Supplied data Block Start
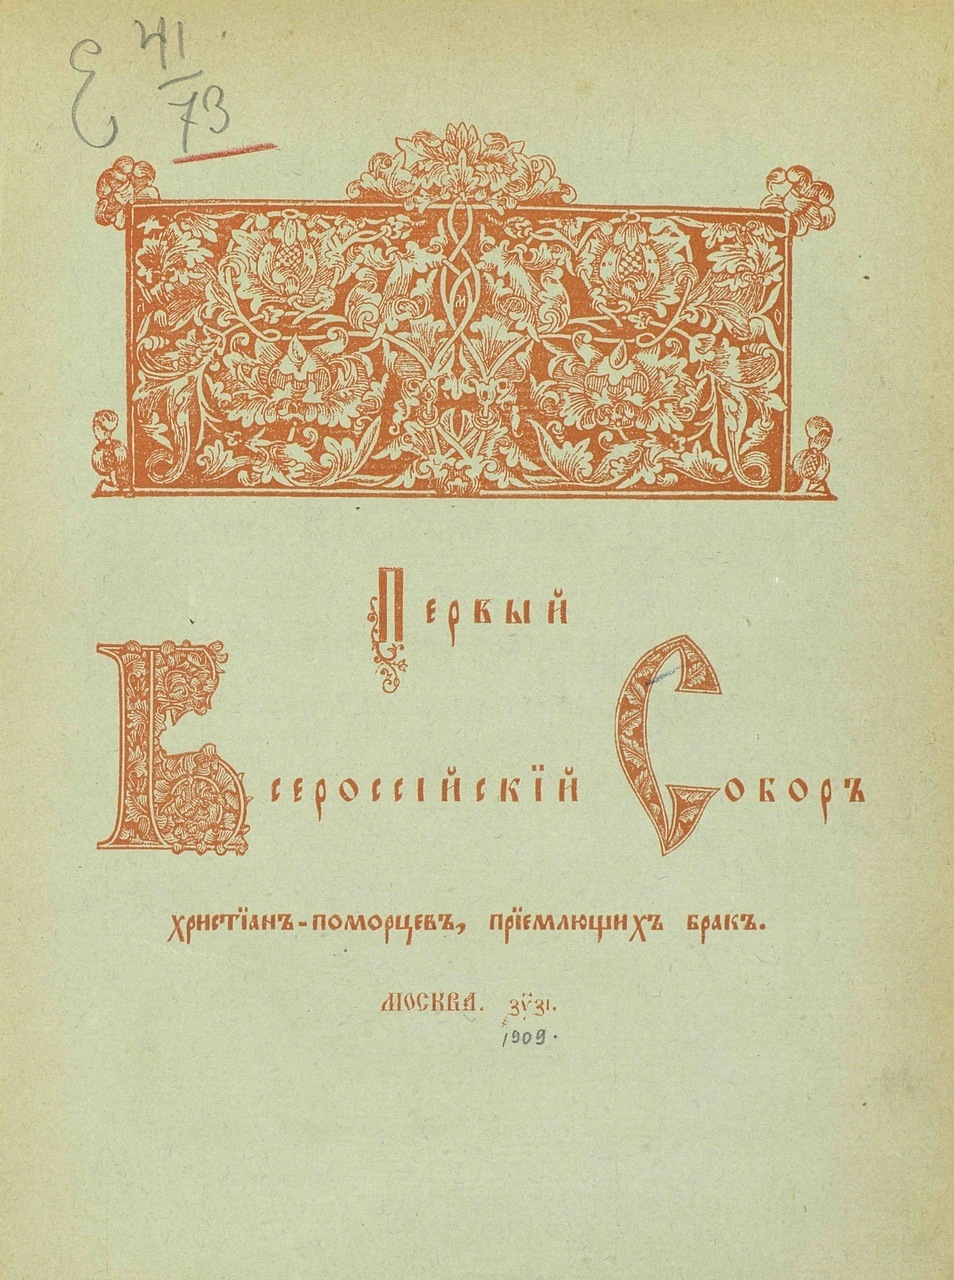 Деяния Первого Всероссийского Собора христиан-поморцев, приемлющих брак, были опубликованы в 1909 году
Supplied data Block End
Supplied data Block Start
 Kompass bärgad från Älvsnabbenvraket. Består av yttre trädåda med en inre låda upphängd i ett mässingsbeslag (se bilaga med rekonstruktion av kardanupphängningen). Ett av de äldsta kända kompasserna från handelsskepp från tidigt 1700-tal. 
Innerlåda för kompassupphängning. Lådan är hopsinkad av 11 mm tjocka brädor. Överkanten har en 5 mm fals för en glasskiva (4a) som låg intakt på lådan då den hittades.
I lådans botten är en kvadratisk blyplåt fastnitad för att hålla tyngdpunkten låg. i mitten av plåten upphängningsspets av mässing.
Supplied data Block End
**Task item**
In the listing above, find the line containing "Kompass bärgad från" and the line containing "I lådans botten", then repeat those two lines and everything between them exactly.

**Response to this exercise**
 Kompass bärgad från Älvsnabbenvraket. Består av yttre trädåda med en inre låda upphängd i ett mässingsbeslag (se bilaga med rekonstruktion av kardanupphängningen). Ett av de äldsta kända kompasserna från handelsskepp från tidigt 1700-tal. 
Innerlåda för kompassupphängning. Lådan är hopsinkad av 11 mm tjocka brädor. Överkanten har en 5 mm fals för en glasskiva (4a) som låg intakt på lådan då den hittades.
I lådans botten är en kvadratisk blyplåt fastnitad för att hålla tyngdpunkten låg. i mitten av plåten upphängningsspets av mässing.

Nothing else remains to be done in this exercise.